▶ _Exercise description_: Transcribe the full listing without changing a word, and omit its pictures.

▶ _Information provided_:

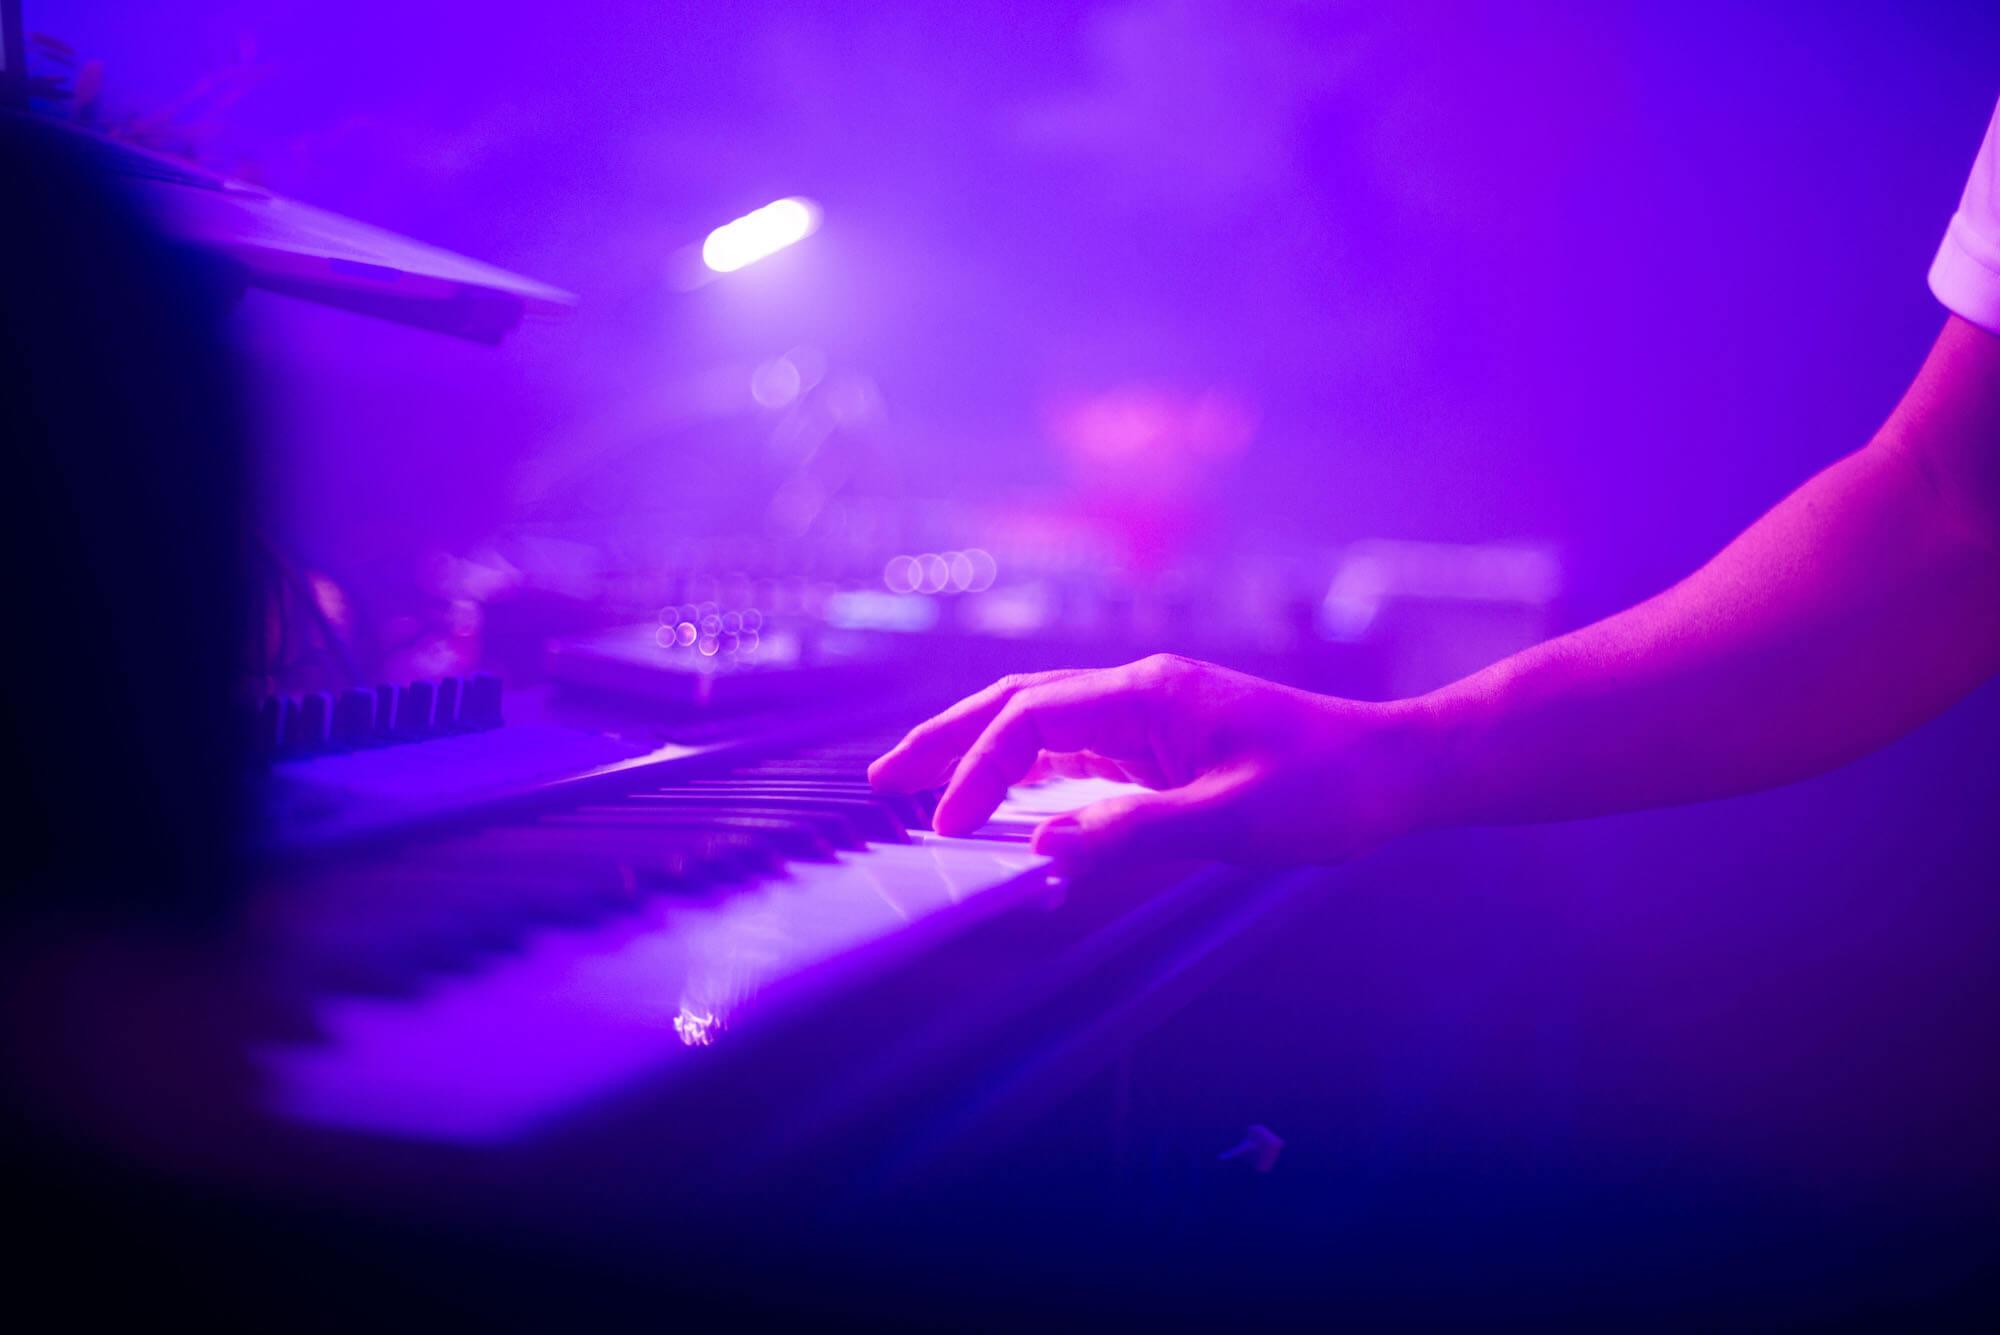 【イベントレポ】KEWL|Soichi Terada × Shinichiro Yokotaが生み出した魔法の景色 music18-kewl-soichi-terada-shinichiro-yokota-9
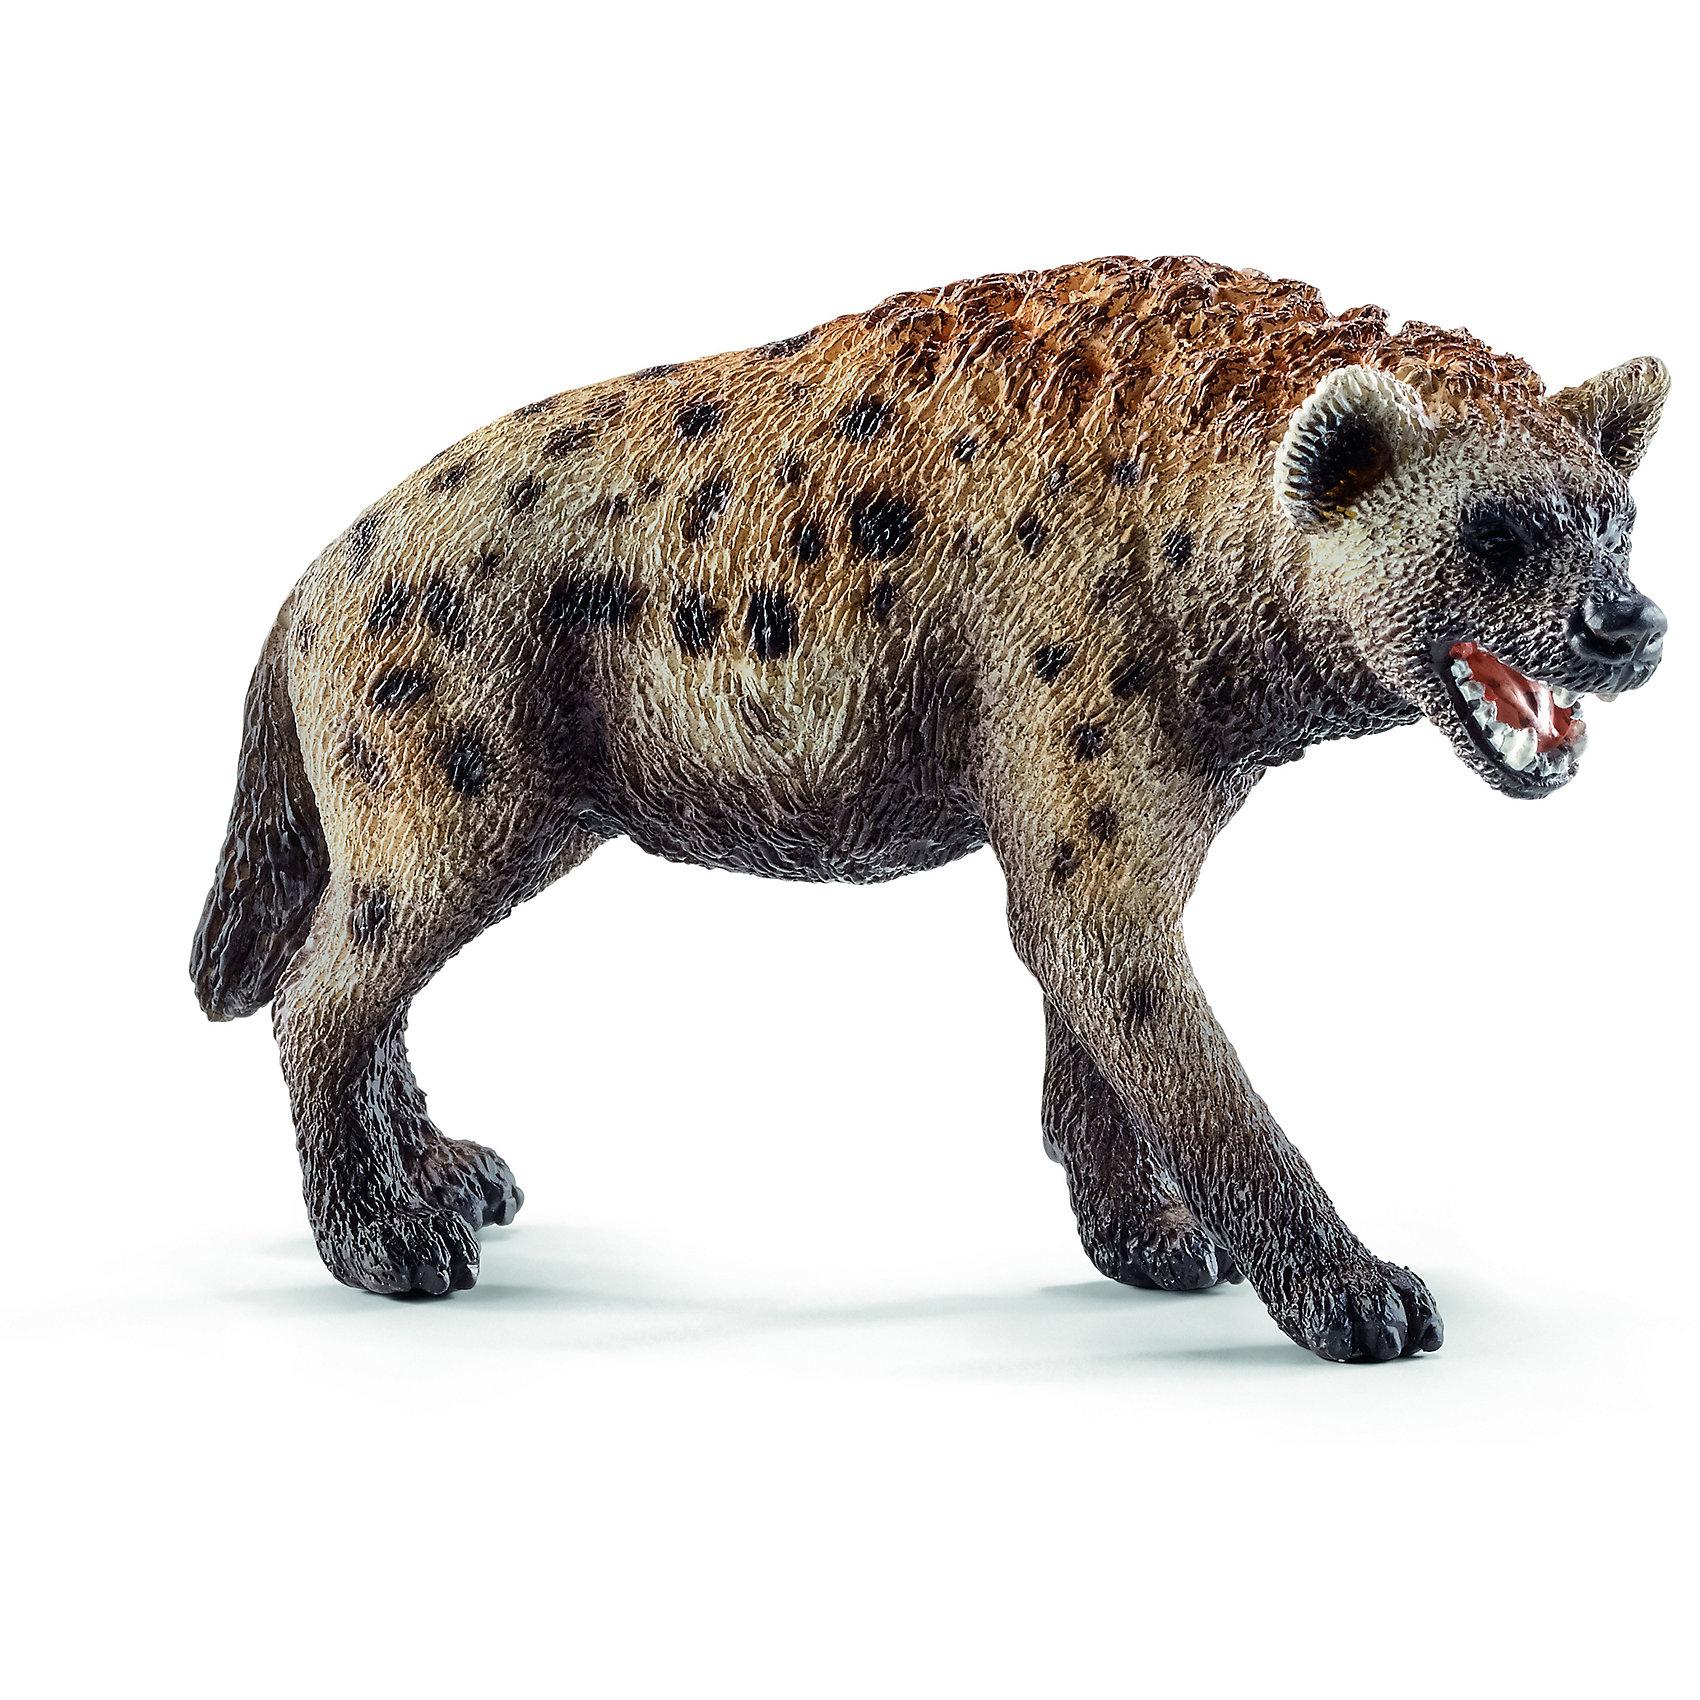 Гиена, SchleichГиена, Schleich (Шляйх) – это высококачественная коллекционная и игровая фигурка.<br>Фигурка Гиены прекрасно разнообразит игру вашего ребенка и станет отличным пополнением коллекции его фигурок животных. Пятнистая гиена встречается на большей части Африканского континента. У пятнистой гиены голова напоминает собачью. Морда у нее мощная и широкая. Уши округленные. Хвост лохматый, а длинная грубая шерсть на шее и вдоль спины образует гриву. Гиены имеют чрезвычайно сильные челюсти относительно их размера тела. Спина покатая, задняя часть заметно ниже передней, из-за чего пятнистая гиена передвигается не слишком изящно, но способна развивать скорость до 65 км/час. Конечности четырехпалые, с не втяжными когтями. <br>Прекрасно выполненные фигурки Schleich (Шляйх) являются максимально точной копией настоящих животных и отличаются высочайшим качеством игрушек ручной работы. Каждая фигурка разработана с учетом исследований в области педагогики и производится как настоящее произведение для маленьких детских ручек. Все фигурки Schleich (Шляйх) сделаны из гипоаллергенных высокотехнологичных материалов, раскрашены вручную и не вызывают аллергии у ребенка.<br><br>Дополнительная информация:<br><br>- Размер фигурки: 5,2 х 3,1 х 8,6 см.<br>- Материал: высококачественный каучуковый пластик<br><br>Фигурку Гиены, Schleich (Шляйх) можно купить в нашем интернет-магазине.<br><br>Ширина мм: 97<br>Глубина мм: 63<br>Высота мм: 20<br>Вес г: 34<br>Возраст от месяцев: 36<br>Возраст до месяцев: 96<br>Пол: Унисекс<br>Возраст: Детский<br>SKU: 3902542
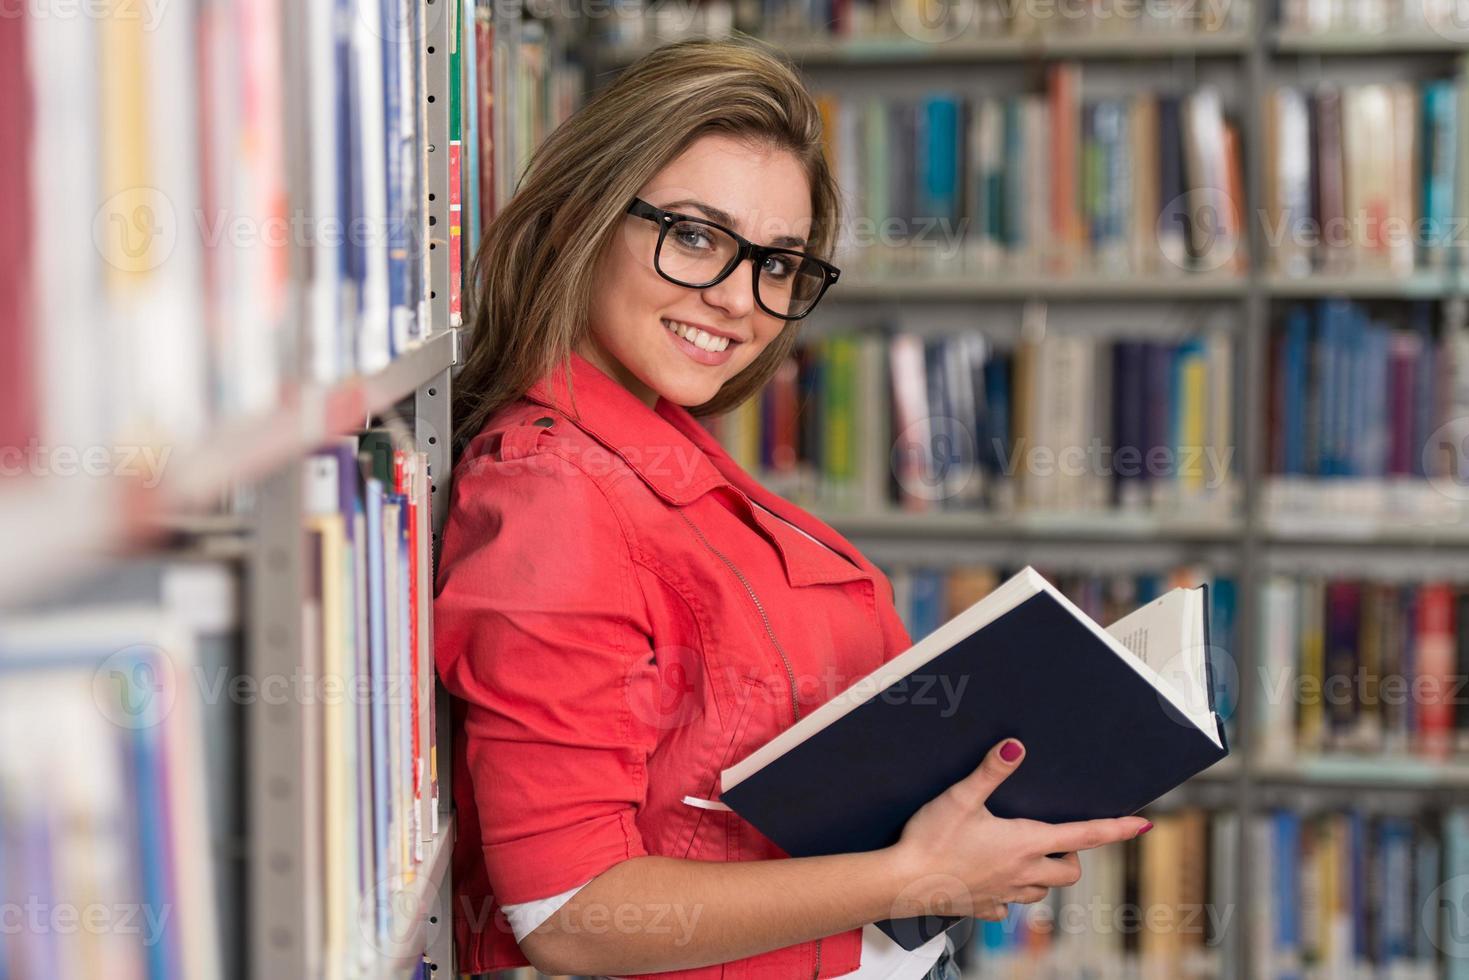 Ritratto di una ragazza studentessa che studia in biblioteca foto

▶ _Exercise output_:
 【イベントレポ】KEWL|Soichi Terada × Shinichiro Yokotaが生み出した魔法の景色 music18-kewl-soichi-terada-shinichiro-yokota-9
 Гиена, SchleichГиена, Schleich (Шляйх) – это высококачественная коллекционная и игровая фигурка.<br>Фигурка Гиены прекрасно разнообразит игру вашего ребенка и станет отличным пополнением коллекции его фигурок животных. Пятнистая гиена встречается на большей части Африканского континента. У пятнистой гиены голова напоминает собачью. Морда у нее мощная и широкая. Уши округленные. Хвост лохматый, а длинная грубая шерсть на шее и вдоль спины образует гриву. Гиены имеют чрезвычайно сильные челюсти относительно их размера тела. Спина покатая, задняя часть заметно ниже передней, из-за чего пятнистая гиена передвигается не слишком изящно, но способна развивать скорость до 65 км/час. Конечности четырехпалые, с не втяжными когтями. <br>Прекрасно выполненные фигурки Schleich (Шляйх) являются максимально точной копией настоящих животных и отличаются высочайшим качеством игрушек ручной работы. Каждая фигурка разработана с учетом исследований в области педагогики и производится как настоящее произведение для маленьких детских ручек. Все фигурки Schleich (Шляйх) сделаны из гипоаллергенных высокотехнологичных материалов, раскрашены вручную и не вызывают аллергии у ребенка.<br><br>Дополнительная информация:<br><br>- Размер фигурки: 5,2 х 3,1 х 8,6 см.<br>- Материал: высококачественный каучуковый пластик<br><br>Фигурку Гиены, Schleich (Шляйх) можно купить в нашем интернет-магазине.<br><br>Ширина мм: 97<br>Глубина мм: 63<br>Высота мм: 20<br>Вес г: 34<br>Возраст от месяцев: 36<br>Возраст до месяцев: 96<br>Пол: Унисекс<br>Возраст: Детский<br>SKU: 3902542
 Ritratto di una ragazza studentessa che studia in biblioteca foto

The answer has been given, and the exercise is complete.